- [Problem to solve]: Below are the records. Retype exactly the lines between the lines holding "Leagan circular pentru" and "Round Bathtub Blue", inclusive.

- [Data section]:
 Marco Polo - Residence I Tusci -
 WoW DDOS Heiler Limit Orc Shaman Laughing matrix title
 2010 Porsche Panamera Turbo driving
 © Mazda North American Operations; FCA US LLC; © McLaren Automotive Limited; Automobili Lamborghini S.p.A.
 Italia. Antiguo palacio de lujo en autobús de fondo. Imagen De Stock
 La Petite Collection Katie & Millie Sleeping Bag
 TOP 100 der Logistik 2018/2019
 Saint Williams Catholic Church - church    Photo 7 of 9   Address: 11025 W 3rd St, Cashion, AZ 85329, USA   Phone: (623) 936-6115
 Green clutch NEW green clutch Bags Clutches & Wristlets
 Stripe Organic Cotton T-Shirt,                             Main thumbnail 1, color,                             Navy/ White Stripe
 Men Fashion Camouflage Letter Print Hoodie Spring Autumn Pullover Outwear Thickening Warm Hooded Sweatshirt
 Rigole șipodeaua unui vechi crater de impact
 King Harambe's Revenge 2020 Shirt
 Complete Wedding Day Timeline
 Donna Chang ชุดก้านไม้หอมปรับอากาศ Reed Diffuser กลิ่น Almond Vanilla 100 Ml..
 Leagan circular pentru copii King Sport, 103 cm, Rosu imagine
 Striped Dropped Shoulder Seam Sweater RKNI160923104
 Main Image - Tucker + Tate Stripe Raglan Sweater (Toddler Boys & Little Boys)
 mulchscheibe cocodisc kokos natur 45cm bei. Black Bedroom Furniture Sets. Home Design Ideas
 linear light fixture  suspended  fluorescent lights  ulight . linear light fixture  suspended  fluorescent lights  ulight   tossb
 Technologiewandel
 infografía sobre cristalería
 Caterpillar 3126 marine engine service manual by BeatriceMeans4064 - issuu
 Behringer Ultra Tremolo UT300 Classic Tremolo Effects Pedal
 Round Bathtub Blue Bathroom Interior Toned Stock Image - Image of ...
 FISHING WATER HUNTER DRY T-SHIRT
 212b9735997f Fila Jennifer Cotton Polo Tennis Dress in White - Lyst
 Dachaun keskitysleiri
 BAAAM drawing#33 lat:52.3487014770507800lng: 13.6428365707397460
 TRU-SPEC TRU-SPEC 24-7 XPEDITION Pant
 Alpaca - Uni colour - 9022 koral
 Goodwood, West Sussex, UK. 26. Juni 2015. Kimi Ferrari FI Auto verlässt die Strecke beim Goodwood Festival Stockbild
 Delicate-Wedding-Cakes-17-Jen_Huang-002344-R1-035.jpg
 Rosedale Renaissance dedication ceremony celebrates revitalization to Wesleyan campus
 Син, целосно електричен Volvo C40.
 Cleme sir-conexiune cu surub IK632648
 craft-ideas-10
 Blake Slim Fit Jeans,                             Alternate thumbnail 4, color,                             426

- [Exercise answer]:
 Leagan circular pentru copii King Sport, 103 cm, Rosu imagine
 Striped Dropped Shoulder Seam Sweater RKNI160923104
 Main Image - Tucker + Tate Stripe Raglan Sweater (Toddler Boys & Little Boys)
 mulchscheibe cocodisc kokos natur 45cm bei. Black Bedroom Furniture Sets. Home Design Ideas
 linear light fixture  suspended  fluorescent lights  ulight . linear light fixture  suspended  fluorescent lights  ulight   tossb
 Technologiewandel
 infografía sobre cristalería
 Caterpillar 3126 marine engine service manual by BeatriceMeans4064 - issuu
 Behringer Ultra Tremolo UT300 Classic Tremolo Effects Pedal
 Round Bathtub Blue Bathroom Interior Toned Stock Image - Image of ...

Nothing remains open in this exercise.